╭─ DATASET ENTRIES

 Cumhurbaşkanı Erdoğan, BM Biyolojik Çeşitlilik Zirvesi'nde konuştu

╰─
╭─ DATASET ENTRIES

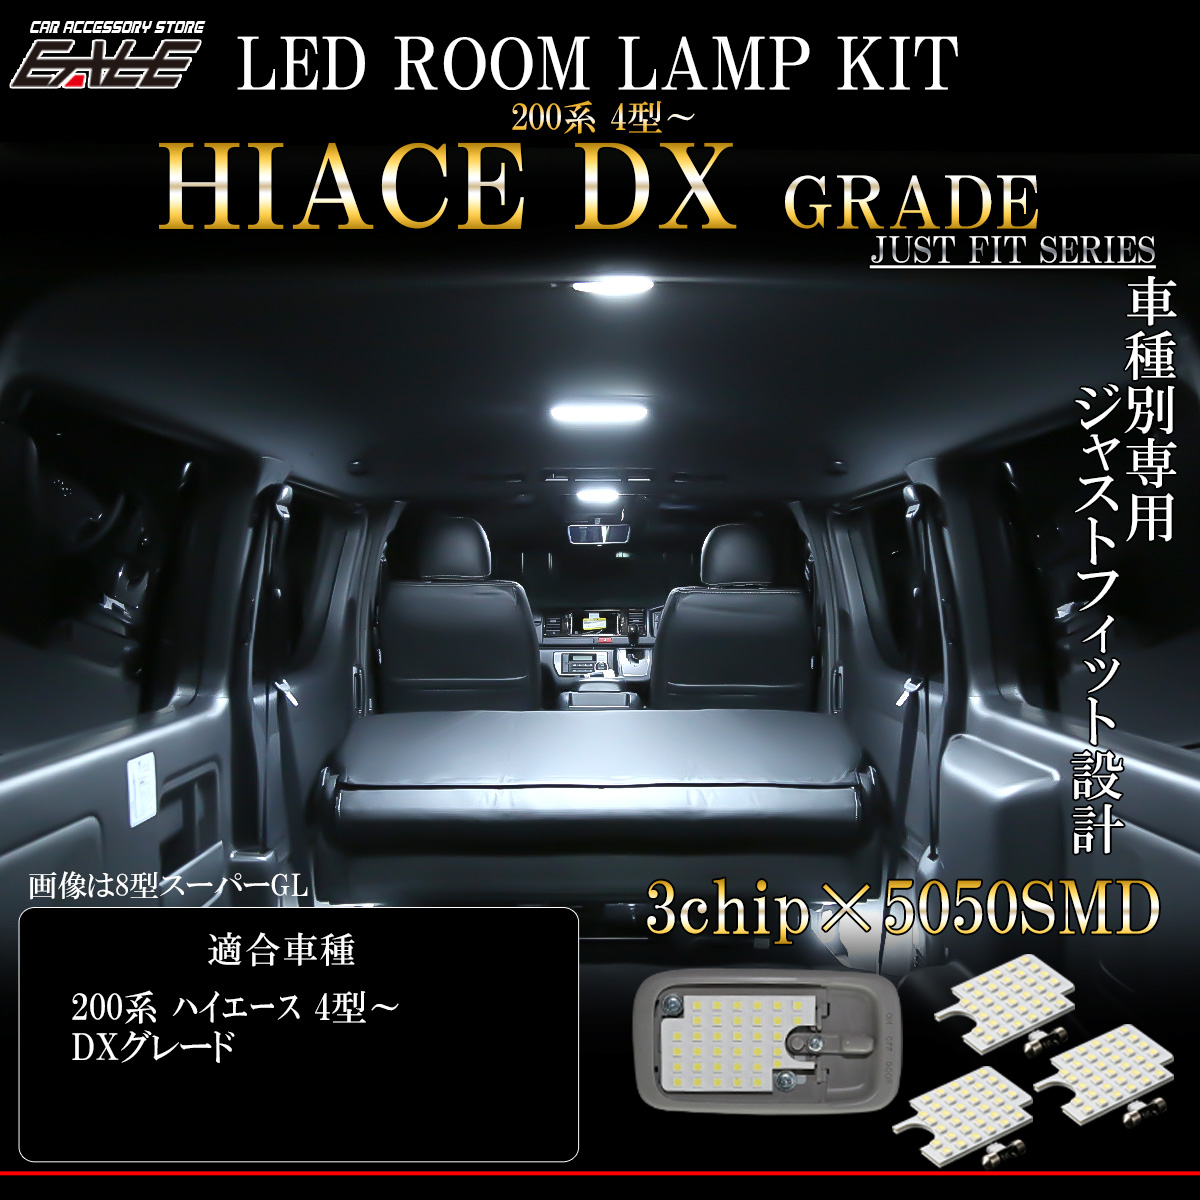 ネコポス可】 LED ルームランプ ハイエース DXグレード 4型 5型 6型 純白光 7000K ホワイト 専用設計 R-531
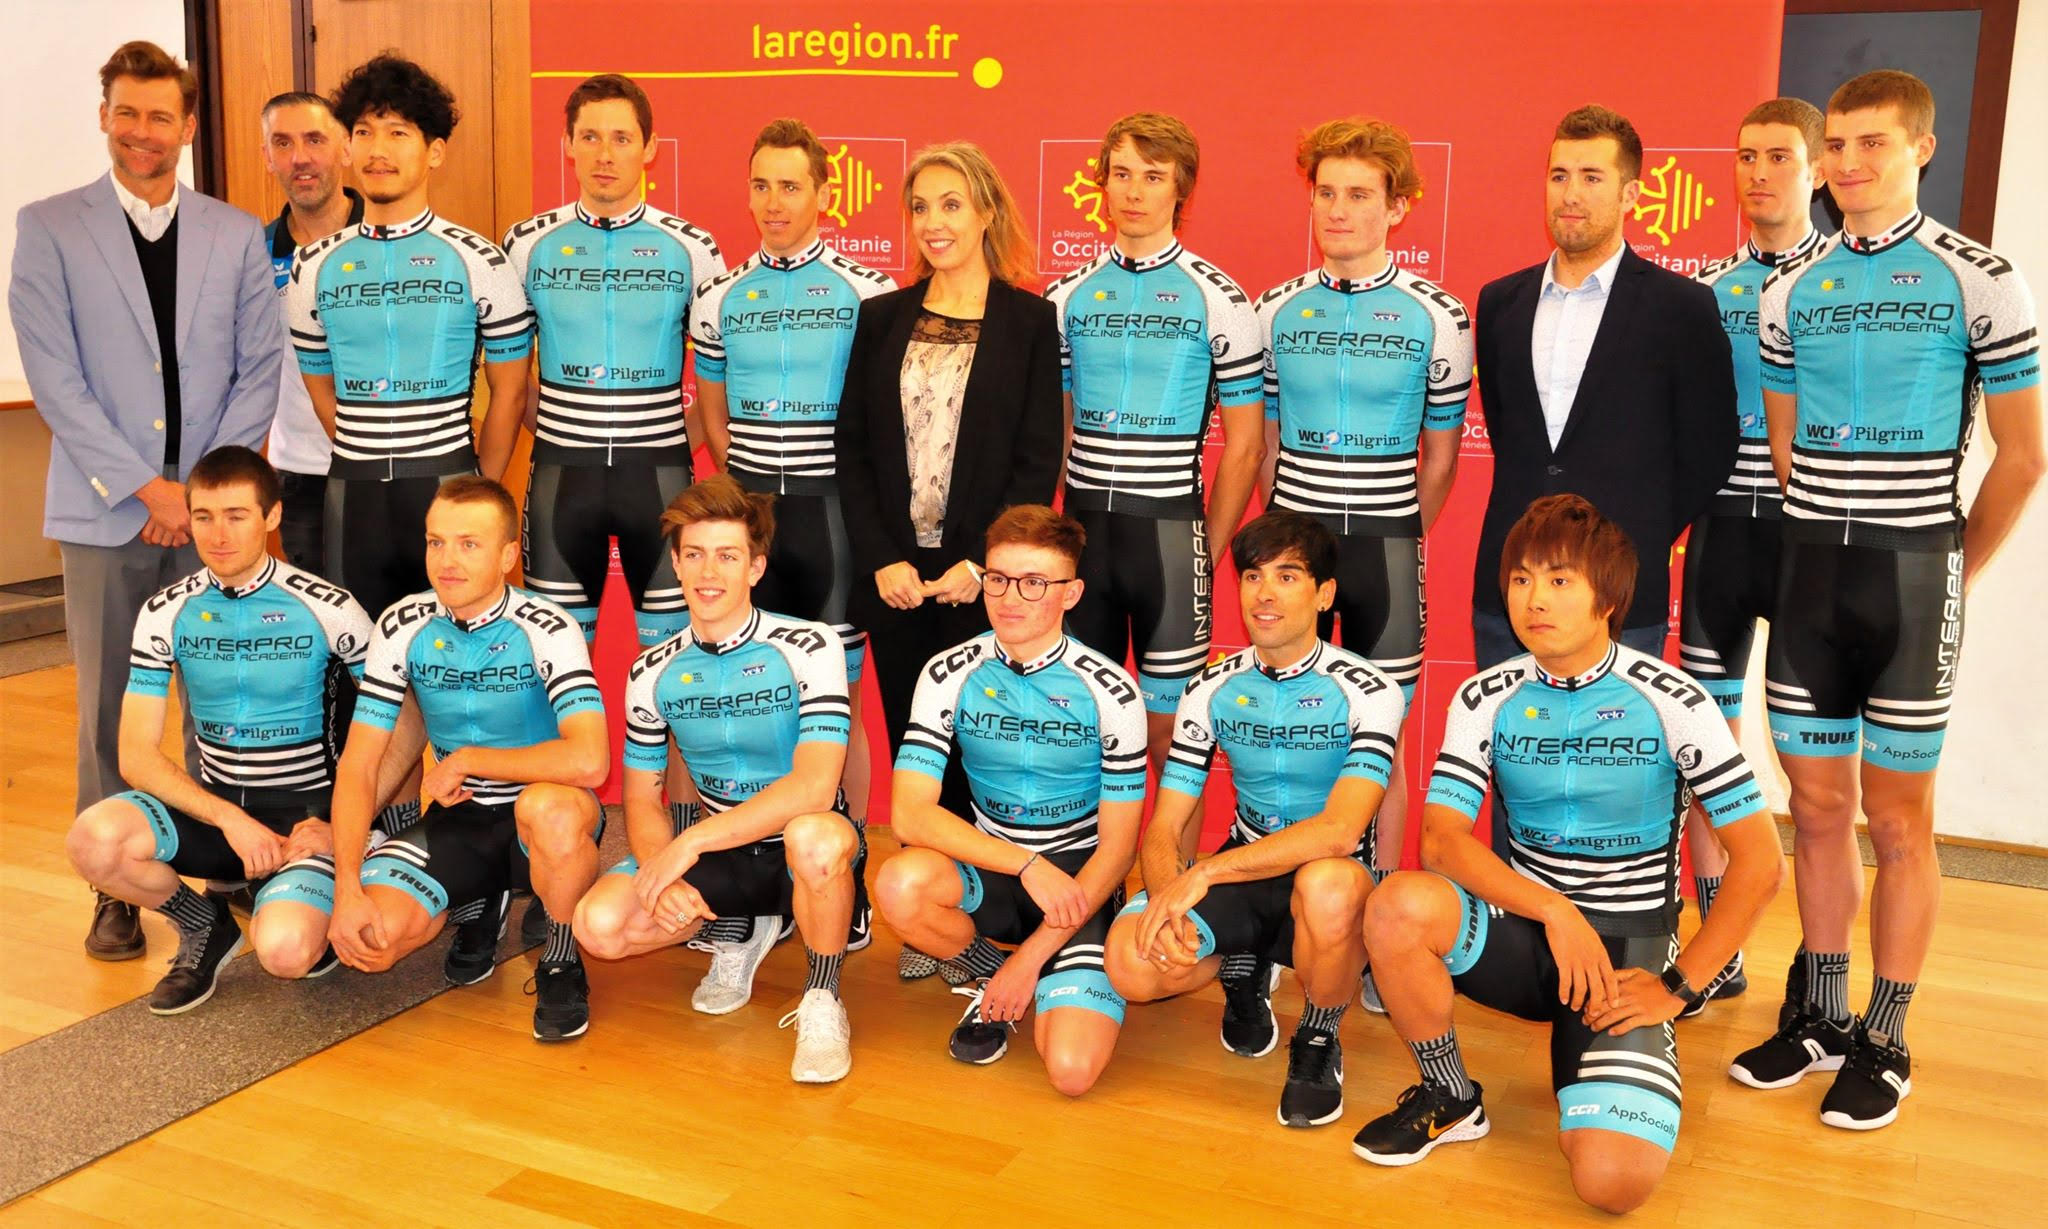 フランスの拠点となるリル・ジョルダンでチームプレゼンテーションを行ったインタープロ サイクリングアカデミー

╰─
╭─ DATASET ENTRIES

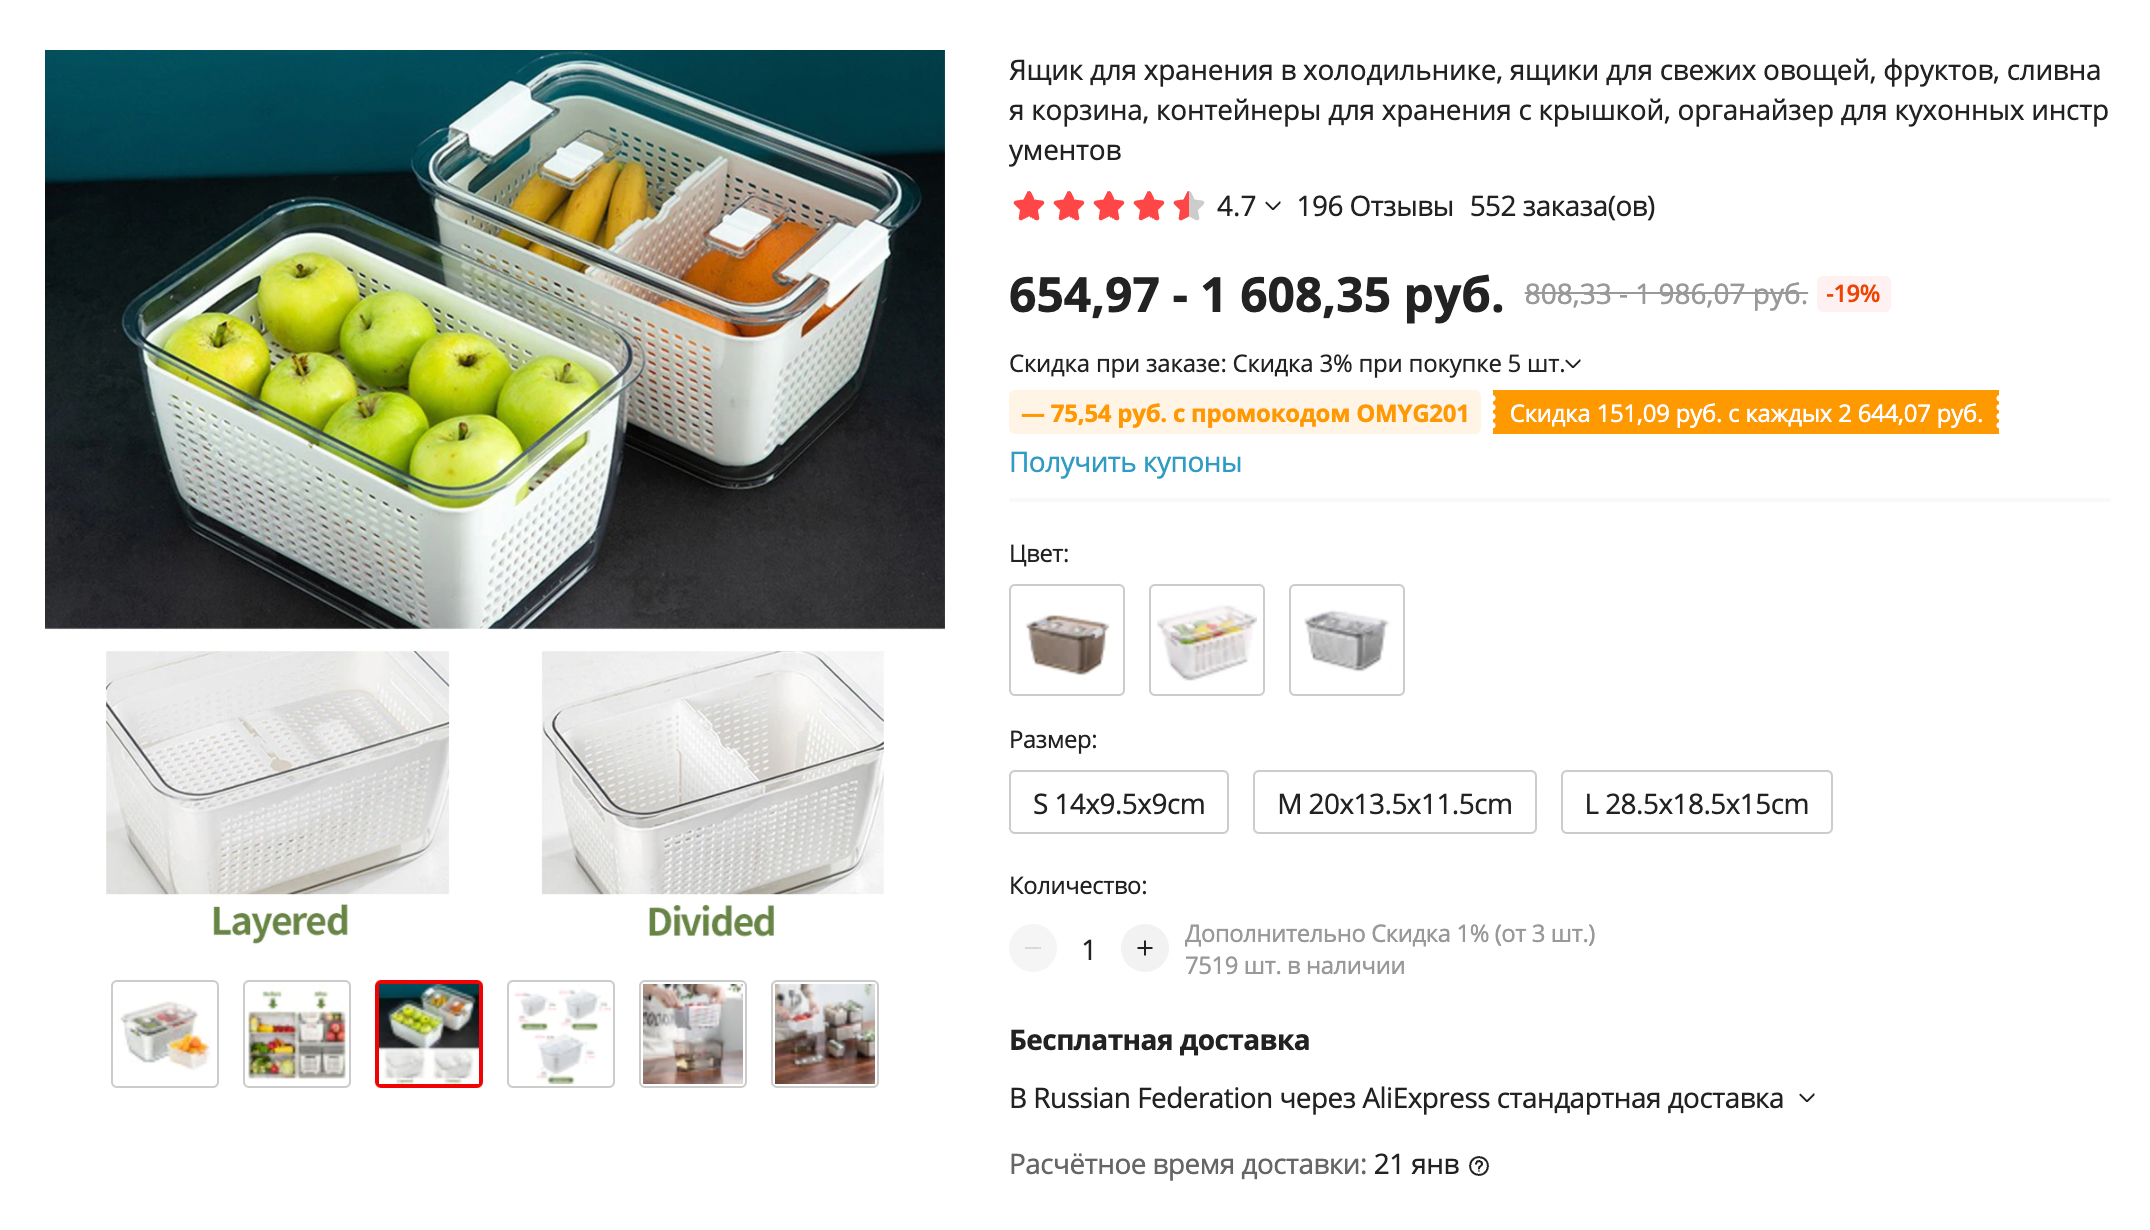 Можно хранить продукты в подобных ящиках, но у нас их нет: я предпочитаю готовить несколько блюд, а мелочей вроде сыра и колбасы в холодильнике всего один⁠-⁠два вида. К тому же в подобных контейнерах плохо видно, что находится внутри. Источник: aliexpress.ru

╰─

**ACTION ITEM:** From the records above, output only the lines starting at the one containing "ネコポス可】 LED ルームランプ" and ending at the one containing "フランスの拠点となるリル・ジ", word for word. Pictures stay out.

**TASK RESPONSE:**
 ネコポス可】 LED ルームランプ ハイエース DXグレード 4型 5型 6型 純白光 7000K ホワイト 専用設計 R-531
 フランスの拠点となるリル・ジョルダンでチームプレゼンテーションを行ったインタープロ サイクリングアカデミー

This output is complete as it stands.